I've Received a Claim Form, Help!
What to do if you have received a claim form
If you have received a claim form, usually on Court form N1, it means that someone (the claimant) is suing you. If you ignore the claim form, the claimant will be able to enter judgment against you, and then pursue you for the money they are claiming (using a bailiff for example). You would have a CCJ against your name, which would seriously affect your credit rating.
The claim form cannot be ignored, and we set out below the various steps you should take if you have received a claim form. The information set out below is not specific advice about your case, but highlights some of the procedural steps which are required when a claim is served upon you. You will need specific advice about how to deal with the claim against you.
Was the claim served properly?
For the claim to be valid, it has to have been served properly. "Service" is the way in which the N1 claim form was given to you. In particular, it should have been sent to you with other papers called the "Response Pack". If you did not receive a Response Pack with the claim form, it has not been properly served, and you can take steps to have the claim stopped.

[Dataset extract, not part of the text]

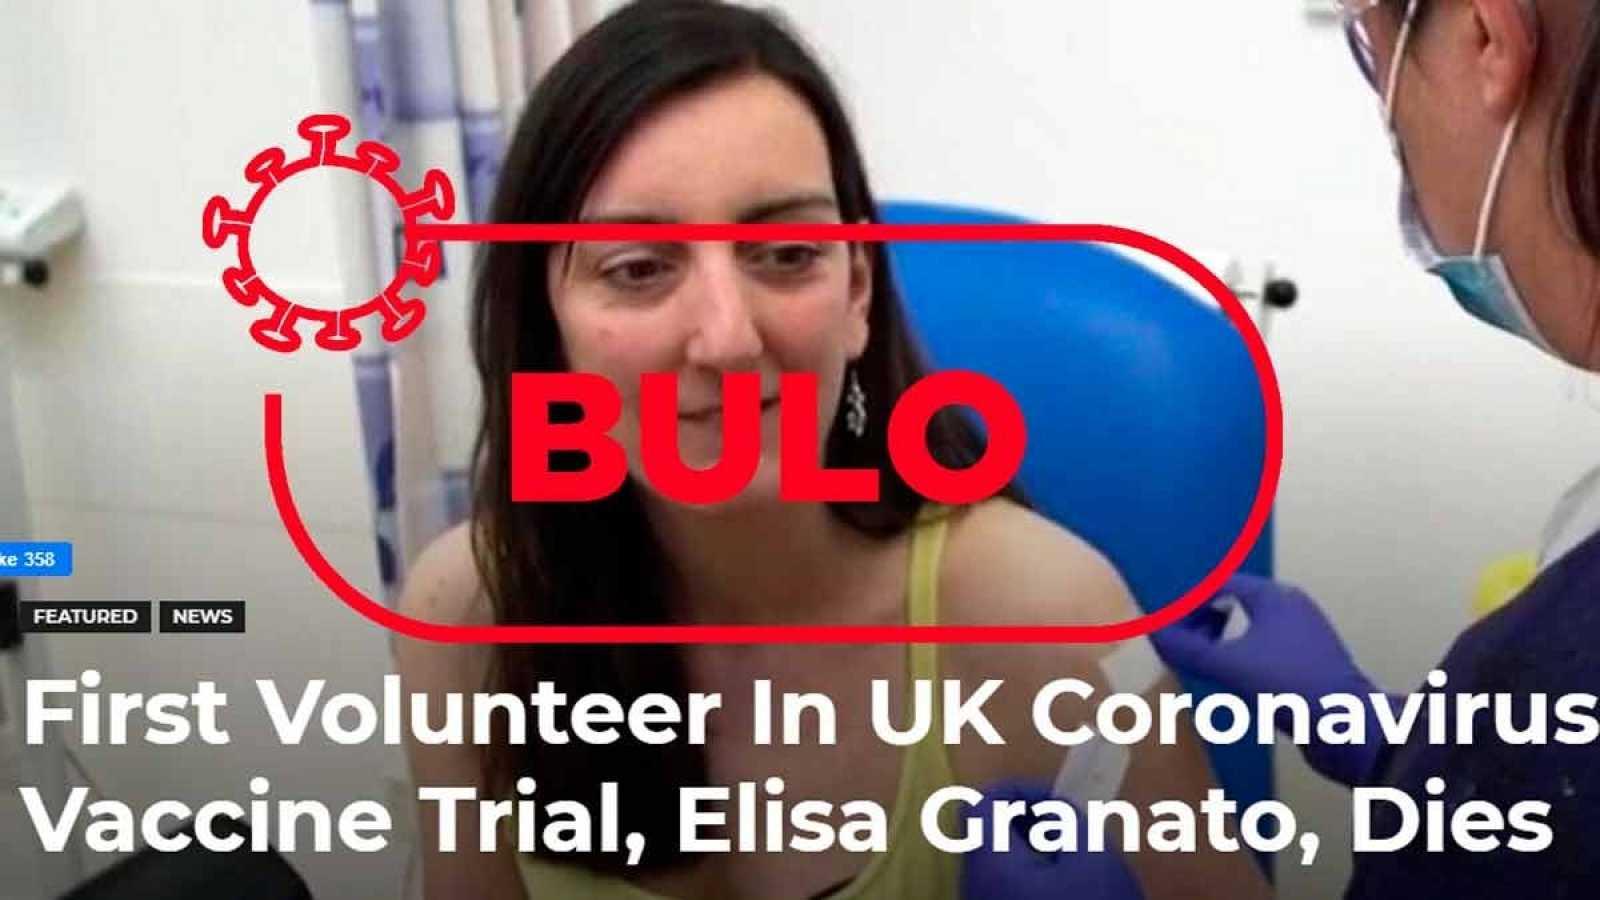 Captura de la imagen que ilustra el bulo sobre la muerte de la persona que se sometió a la vacuna del coronavirus
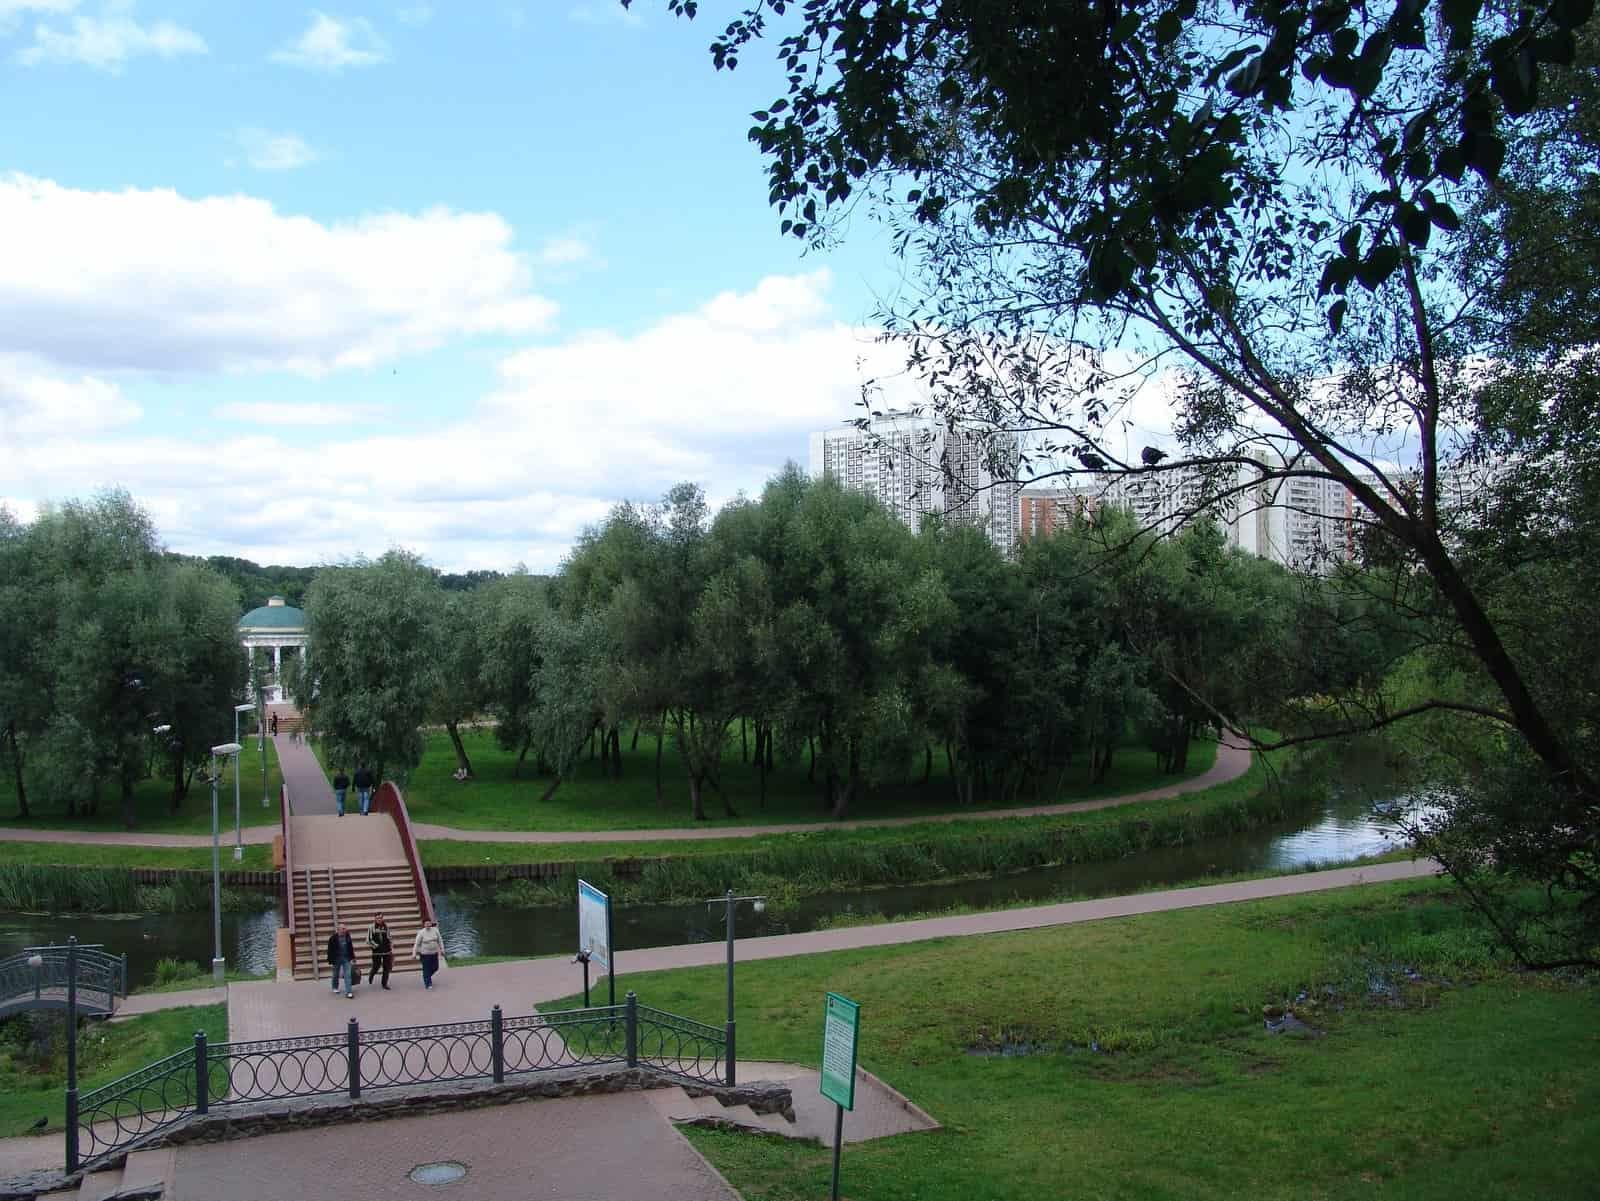 В Москве благоустроят парки у воды В Москве благоустроят парки у воды 04 16

The claim form should tell you what the claim is about. If it doesn't, then you can make an application to the court (see further below) to stop the claim progressing.
Was the claim issued in time?
A claimant only has a certain amount of time to start a claim against you. There are different time limits for different types of claims. A claim based on a breach of contract, or professional negligence, cannot be brought, if the right to bring the claim arose more than six years ago. This six year time limit also applies to debt claims, or claims for money. If the claim is for libel or slander, the claim has to be brought within one year.
If the claim is brought outside of these time limits, you can ask the court to strike out the claim, which would mean it could not continue.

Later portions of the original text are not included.